Further analysis of the R Bracken 33H well will be conducted to determine the effectiveness of the multistage fracture enhancement, the decline rates associated with the reservoir, and the potential implications on future reserves bookings. The company has acquired 16,203 net acres since year end 2008, and we now have approximately 120,000 acres leased in South Texas which may be prospective for further Olmos development. During 2009 Swift Energy will also drill a well to test the potential at the Eagleford shale formation, and the company currently has 45,000 acres leased in this area which may be prospective for this formation. Lease and acreage acquired in early 2009 in the area is also prospective for this formation.
Thanks for your attention this morning. I will turn it it back to Terry to recap.
Terry Swift - Chairman and CEO
Thanks, Bob. Before we open up the line for questions, I want to summarize Swift Energy's fourth quarter results in 2009 planned activity to review some of the highlights from this morning's call. Swift Energy is monitoring economic and operational environments in real time. We maintain frequent dialogue with our bank group and believe we have ample liquidity to weather the current downturn. Although we did have a significant noncash write-down, we also had strong financial results in the fourth quarter 2008 with revenues of $145.4 million, income from continuing operations of $20.6 million, or $0.66 per diluted share before the ceiling test adjustment of our oil and gas properties, and cash flow before working capital changes was $85.3 million or $2.73 per diluted share.
We expect to get our Shasta discovery on production by mid year. Additional development will be conducted as market conditions improve. This is a great discovery which will help us analyze and develop other prospects in the area. Including the recent Shasta discovery, the company currently has between 3,000 to 5,000 net barrels of oil equivalent per day shut in production awaiting pipeline construction and facility repairs in the Bay de Chene area.
Our first horizontal well in the Olmos sands has performed at that time high end of our expectations. As a result, we'll be moving forward with additional horizontal wells in this area and also evaluating the Eagleford shale in our operating area. If these wells prove to be successful we expect very positive results to both our production and reserve numbers for 2009.
Next Thursday, February 26th, we'll host an analyst investor day here in Houston. At this meeting we will review our 2008 operational and financial performance and detail our 2009 plans and guidance. Lastly, we have been through pricing downturns in the past. We believe that we have the experience, people, and assets to emerge from this downturn in a better position relative to our competition.

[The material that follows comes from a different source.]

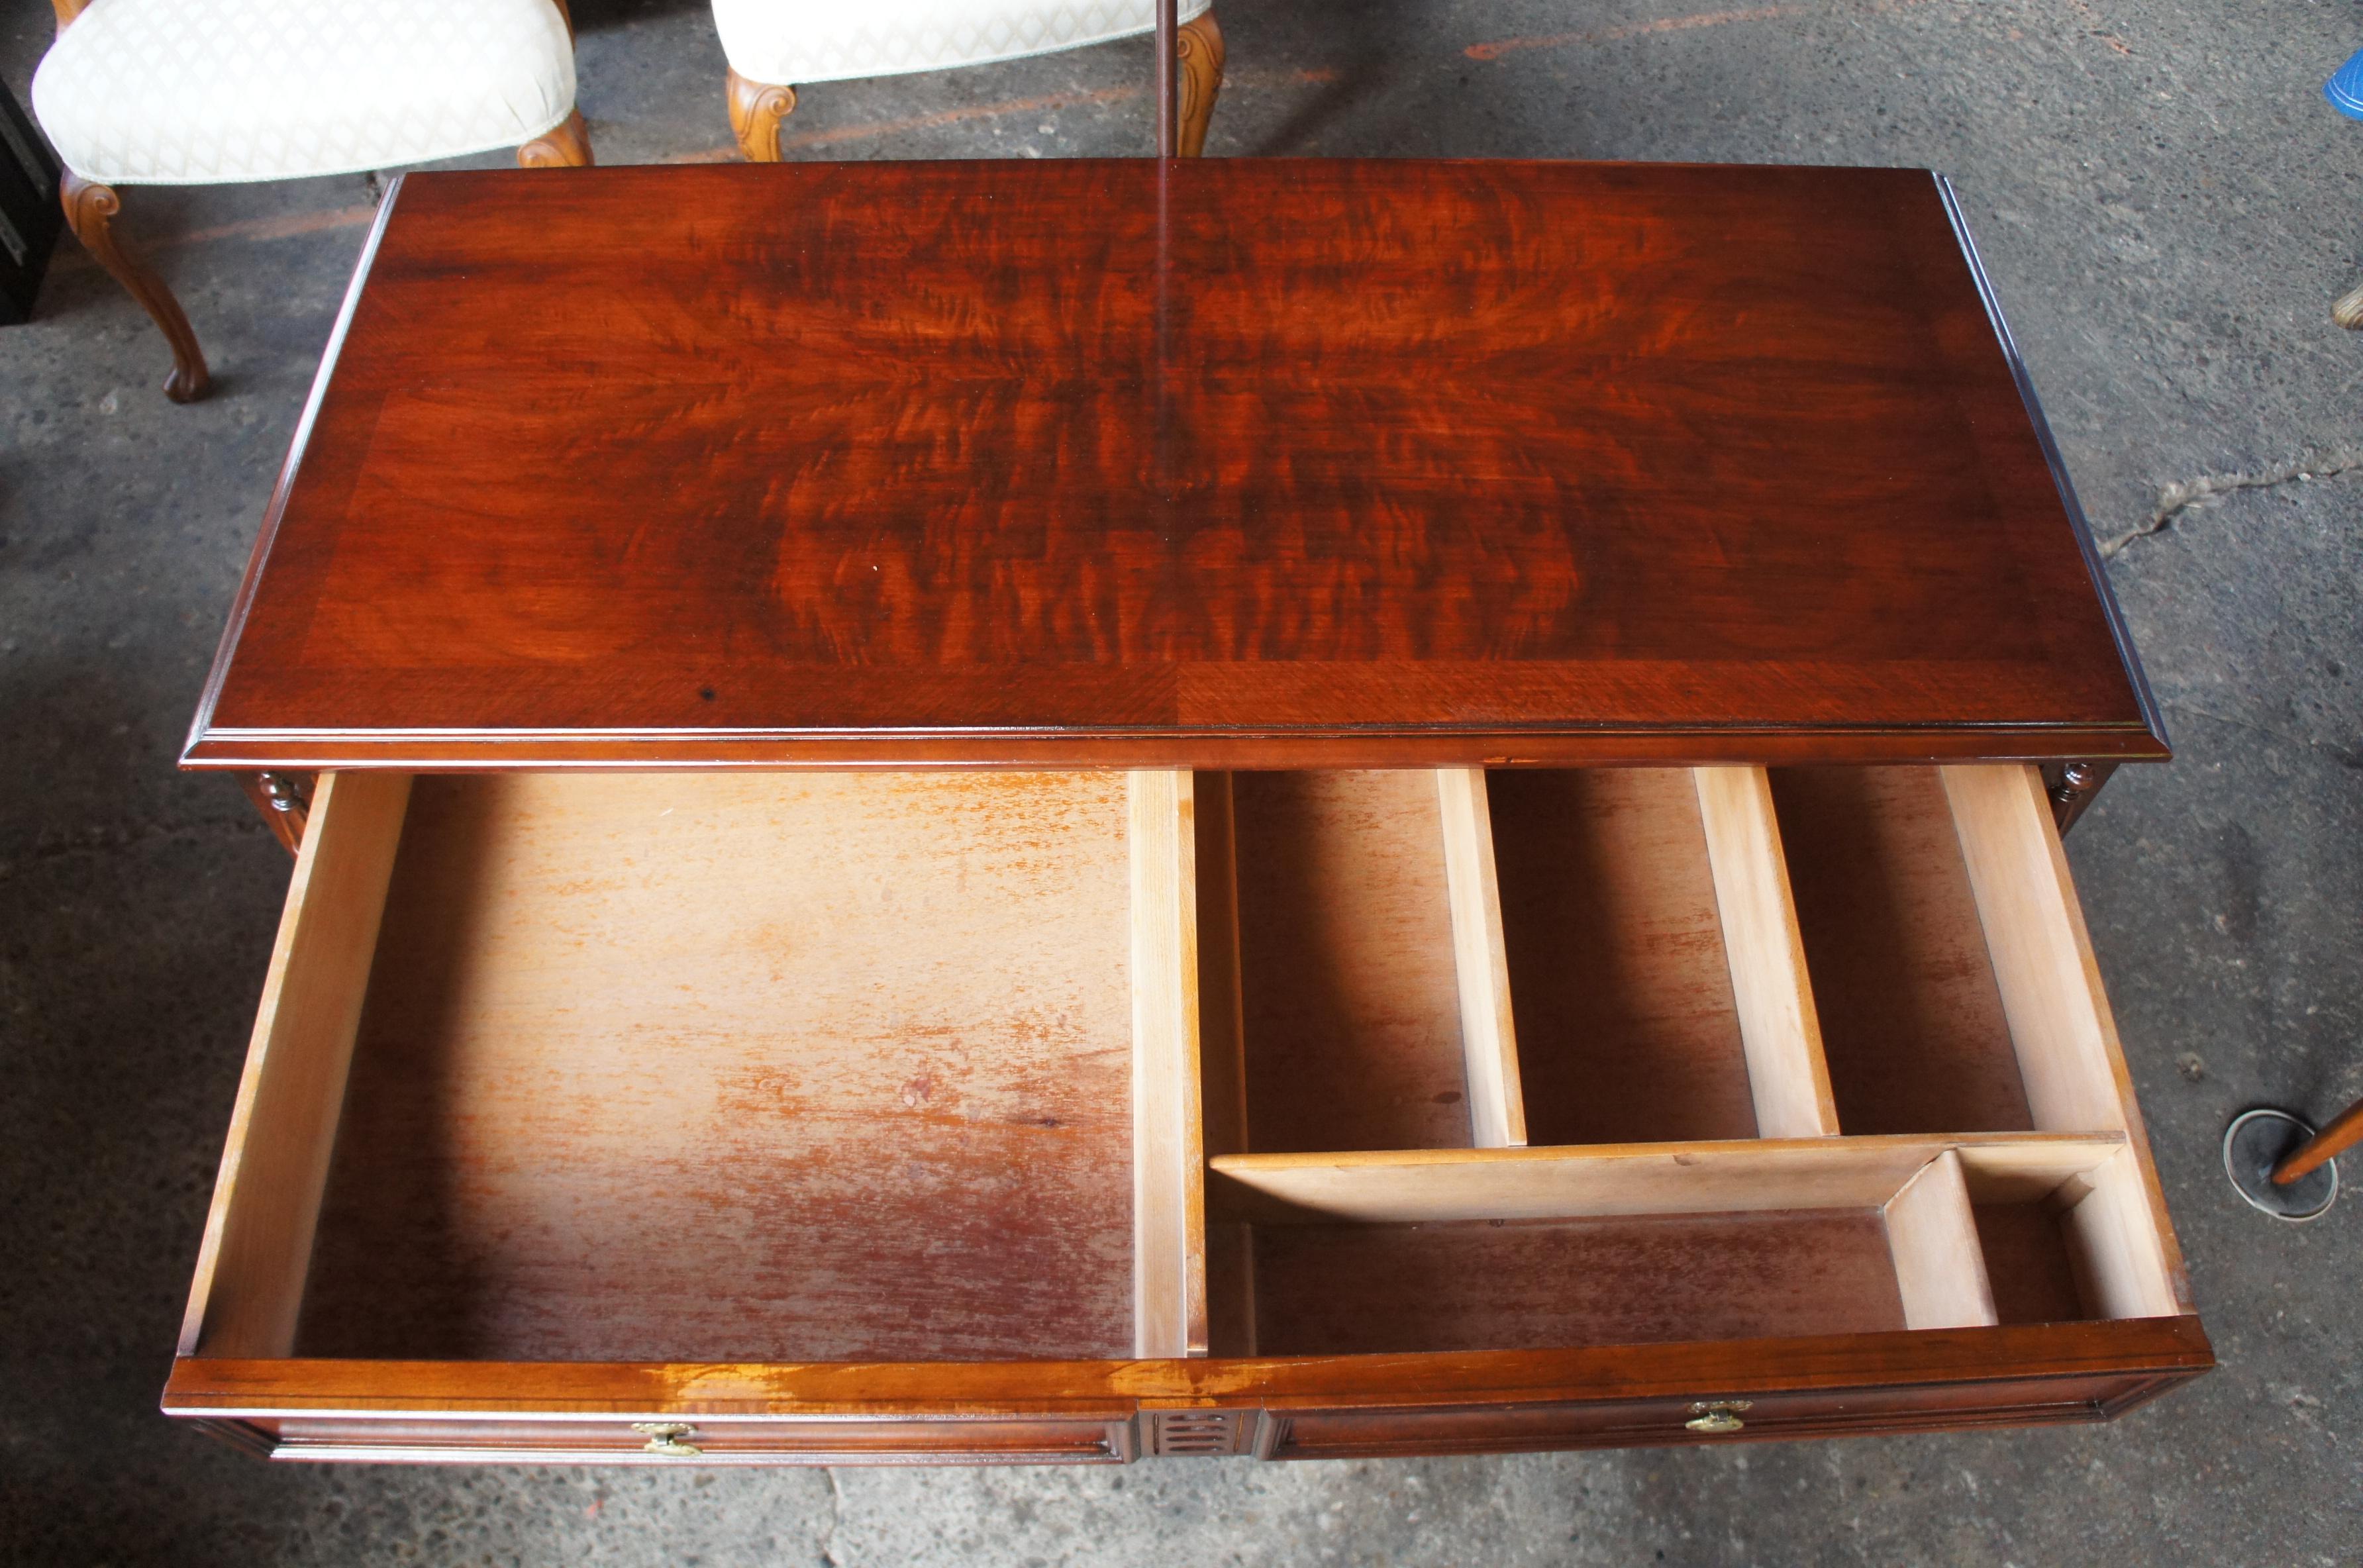 Robert Irwin Furniture Co. Antique Jacobean Revival Walnut Dresser and Mirror 3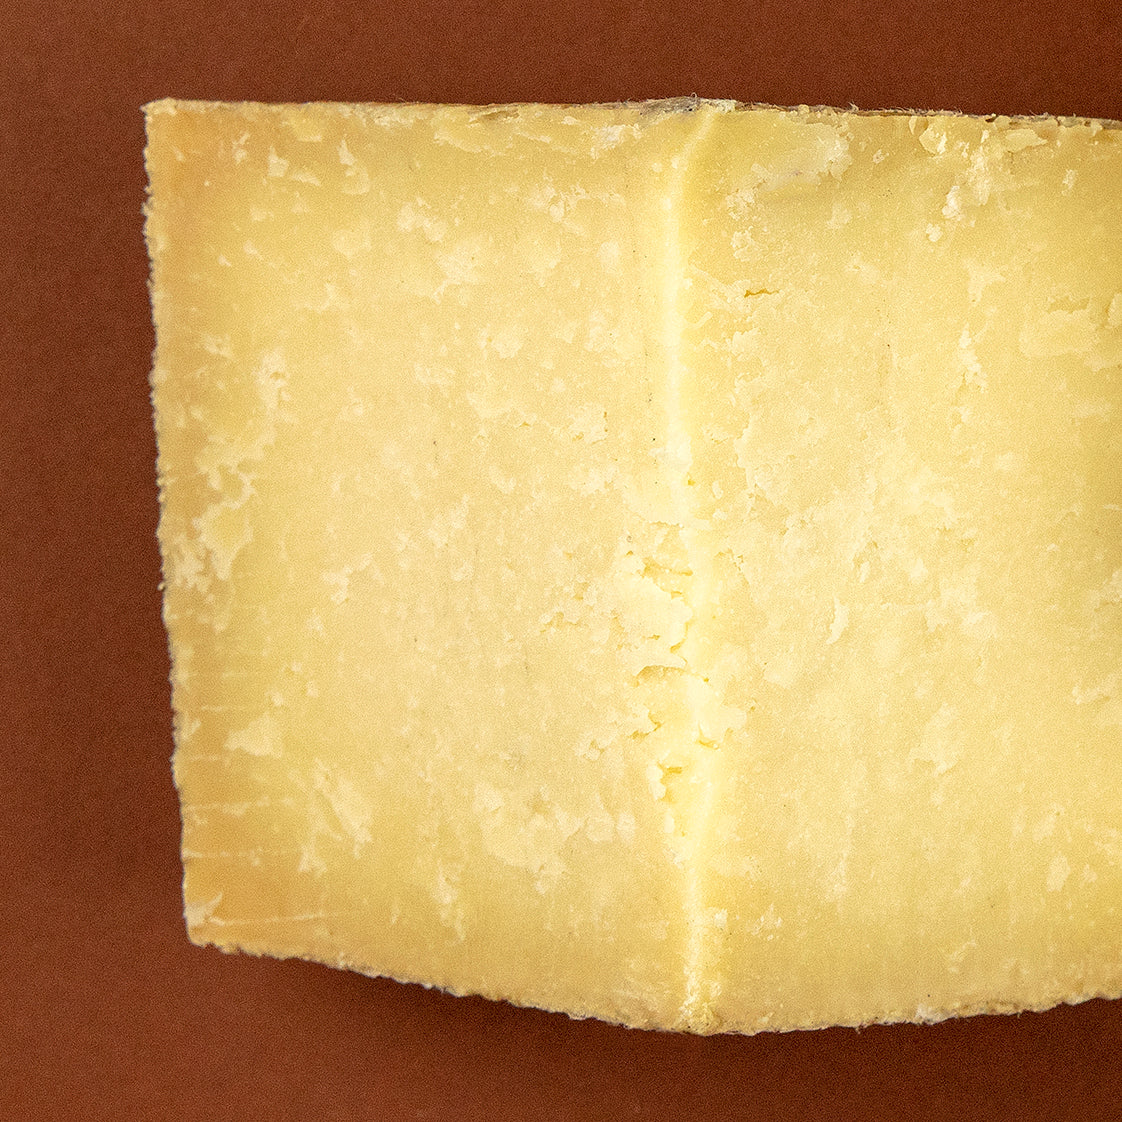 Zamorano Cheese

At this time we would like to begin the question-and-answer portion of our presentation.
Operator
(Operator Instructions) We will pause for a moment to compile the Q-and-A roster. Our first question is from the line of Adam Leight.
Adam Leight - Analyst
Hi, good morning. Could you give us an idea -- you referenced it, and maybe I missed it, but price related revisions versus technical revisions, first of all.
Bruce Vincent - President
Yes, we're going to go over that in the meeting next week, and I think that's really the better place to do that. We do have an idea of that and we're going to detail it in the presentation next Thursday.
Adam Leight - Analyst
Okay. How about on the capex side, either for '08? How much of that was drilling versus acreage and facilities and the '09 number, particularly given the reduction in the indication that you are deferring drilling spending, how much of that' s infrastructure and how would you expect the quarterly progression of capital spending to proceed?
Bruce Vincent - President
The question relates to how much of the '09 projected budget is drilling versus infrastructure?
Adam Leight - Analyst
Yes, that will do. And then timing.
Bruce Vincent - President
Again, we're going to lay all that out next week. I think it's really better for us to be able to lay all that out and talk about it in much more detail than try to do it over the call.
Bob Banks - EVP, COO
I think we can add to that, though, that 2009 will focus very much on recompletions, fracture treatments, enhancements. We also have a lot of shut-in production where we're spending the money either through pipelines or through facility upgrades to get that production on. It's very meaningful to us. We ended the year with quite a lot of activity and a lot of completions. Some of that money flows over into 2009 finishing up the completions. We do have development well drilling which was in the South Texas. We also have a couple of delineation type wells that we'll be drilling. We've really backed off of the exploratory component. So we'll get you those details, but I think it's very fair to say that it's a very low risk leveraging of our capital in 2009.
Bruce Vincent - President
I think, just to give you some rough estimates for '09, drilling is probably going to be in the 45% plus or minus range. And facilities infrastructure is 15%, 16%.
Adam Leight - Analyst
Okay. And on the '08 numbers, can you give the same sort of proportional breakdown?
Bruce Vincent - President
Yes, the '08 numbers, the drilling component of the capital budget was 69%, and the facilities infrastructure was just short of 8%. Acquisitions was 7%.
Adam Leight - Analyst
Given the number of successful wells you drilled compared to the amount of extensions and discoveries, is there something that can provide a little bit more color on -- were there fewer offsets and PUD adds, or were they lower well?
Bob Banks - EVP, COO
I'll take a shot at that. Again, we're going to have a lot more detail, a lot more individuals participating at the analyst meeting next week, and we ought to be able to give you maps and charts at that time. But it's very clear that during 2008, we were definitely looking at $100 possibility, really $75 to $100, and we were looking at gas prices in the $7 to $10 range, and acquiring additional acreage in South Texas, in particular. We did have a pretty aggressive attempt going on. We had already instituted this horizontal activity.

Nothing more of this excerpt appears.